Increasing agricultural productivity plays a key role in the efforts to combine agricultural growth and forest protection by allowing farmers to produce more using the same area. [1]  However, for agricultural productivity to increase, farmers must invest considerable resources to be able to use modern inputs such as tractors and fertilizers. [2]  Thus, evaluating the demand for capital that productivity increases would generate is important to understand which changes in the supply of agricultural credit are necessary to support increased agricultural production.

In this report, CPI/PUC-Rio explores municipality-level information on revenues, operating costs and farm equipment to quantify the costs of maximizing Brazil’s agricultural production without increasing deforestation. It begins by measuring the potential to increase crop and beef output in each municipality of the country. It then combines this measure with information on operational costs and the value of farm equipment to estimate the increase in capital required to maximize crop and beef output in each municipality of the country.

The researchers find that Brazil could increase crop output by 79.0-104.5% without affecting deforestation.

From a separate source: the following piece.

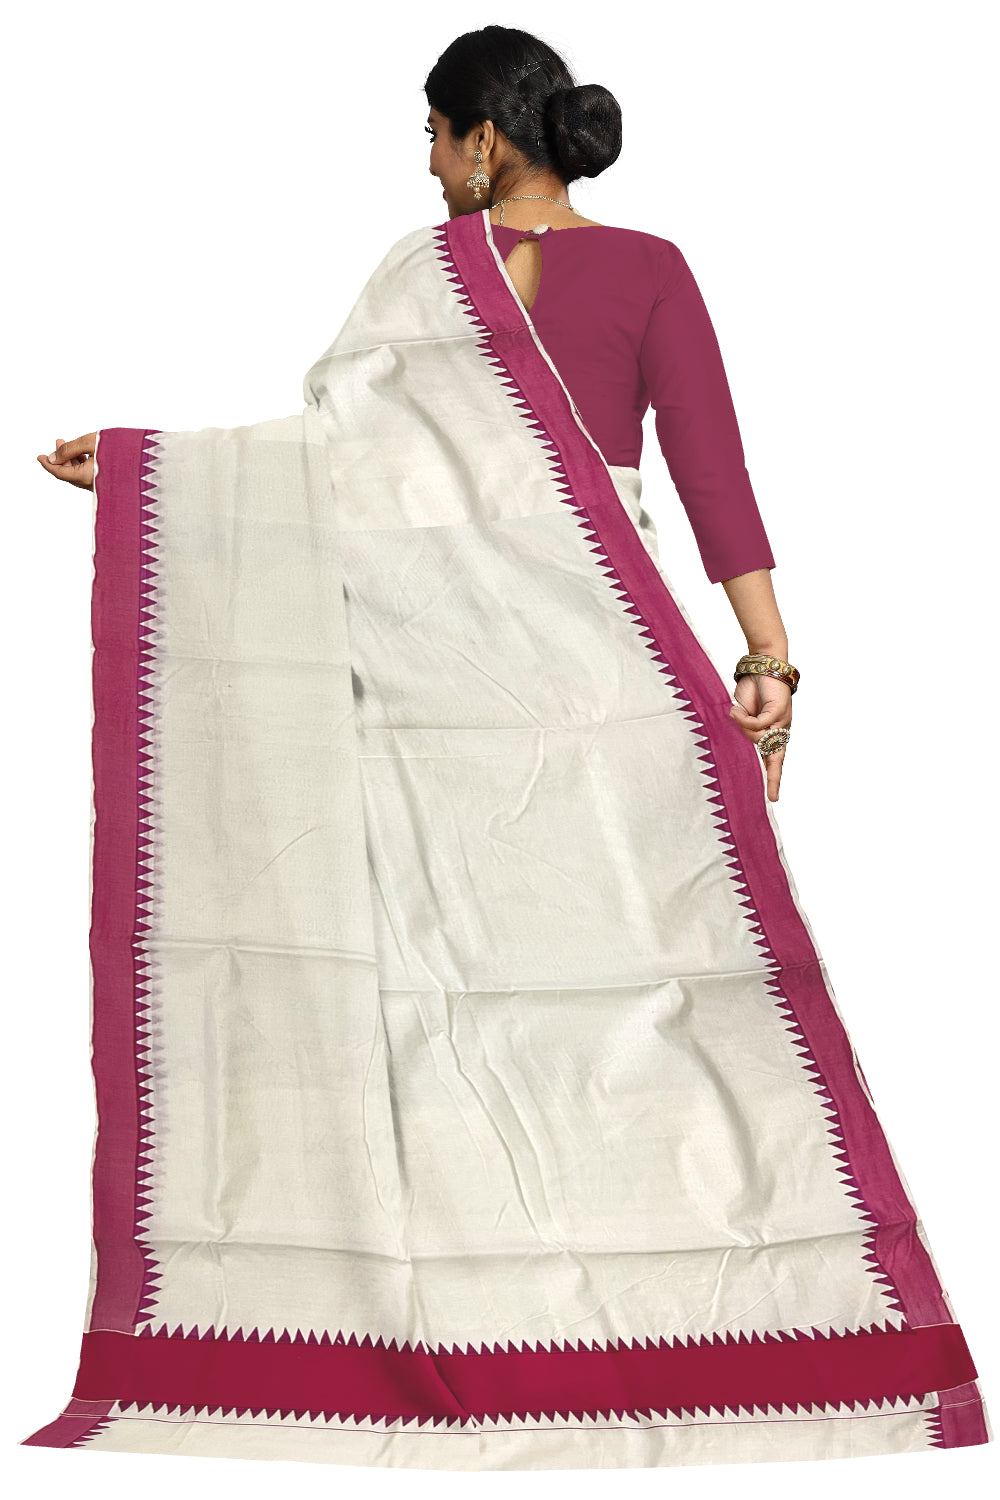 Kerala Pure Cotton Saree with Bright Magenta Temple Block Prints on Border
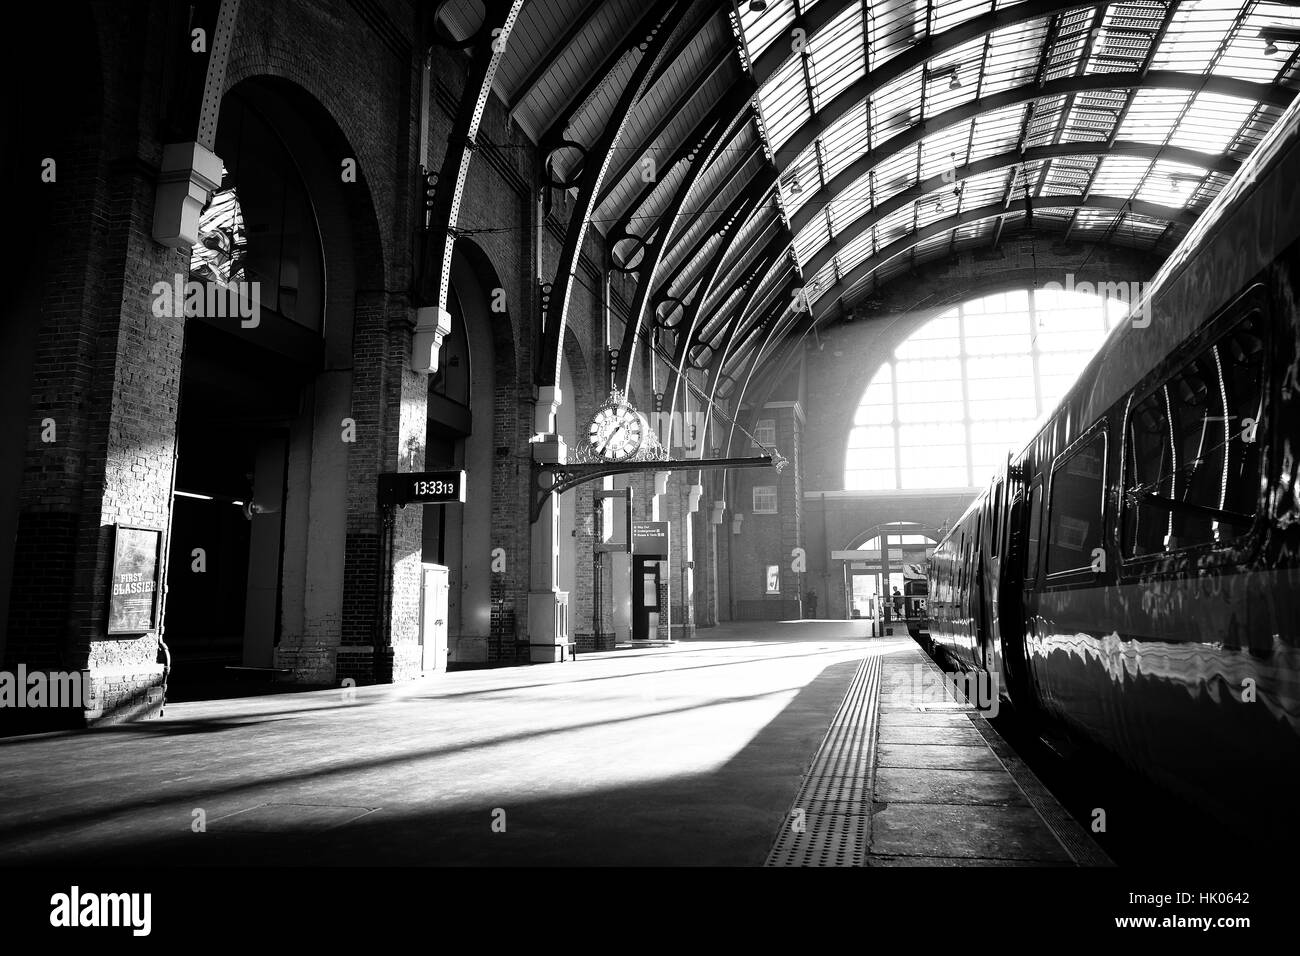 A shaft of light shines down upon a railway station platform Stock Photo

It could also increase beef output by 26.8% without increasing the area with pastures. To obtain these increases in production, farmers would need to increase the value of farm equipment by 47.5-51.6% (USD 34.4-37.4 billion) and the operational costs by 43.5-50.5% (USD 44.4-51.2 billion). There is substantial regional heterogeneity in these numbers with the more substantial increases concentrated in regions as diverse as the north of the state of Goiás or the Vale do Ribeira region in the states of Rio de Janeiro and São Paulo.


[1]  Climate Policy Initiative (2013). Production and Protection: A First Look at Key Challenges in Brazil. Available at: bit.ly/3bkL6zT.

[2]  For one example of the relationship between agricultural growth and input use, see: Assunção, J., & Bragança, A. (2015). Technological Change and Deforestation: Evidence from the Brazilian Soybean Revolution. INPUT Working Paper. Available at bit.ly/3tGBAxg.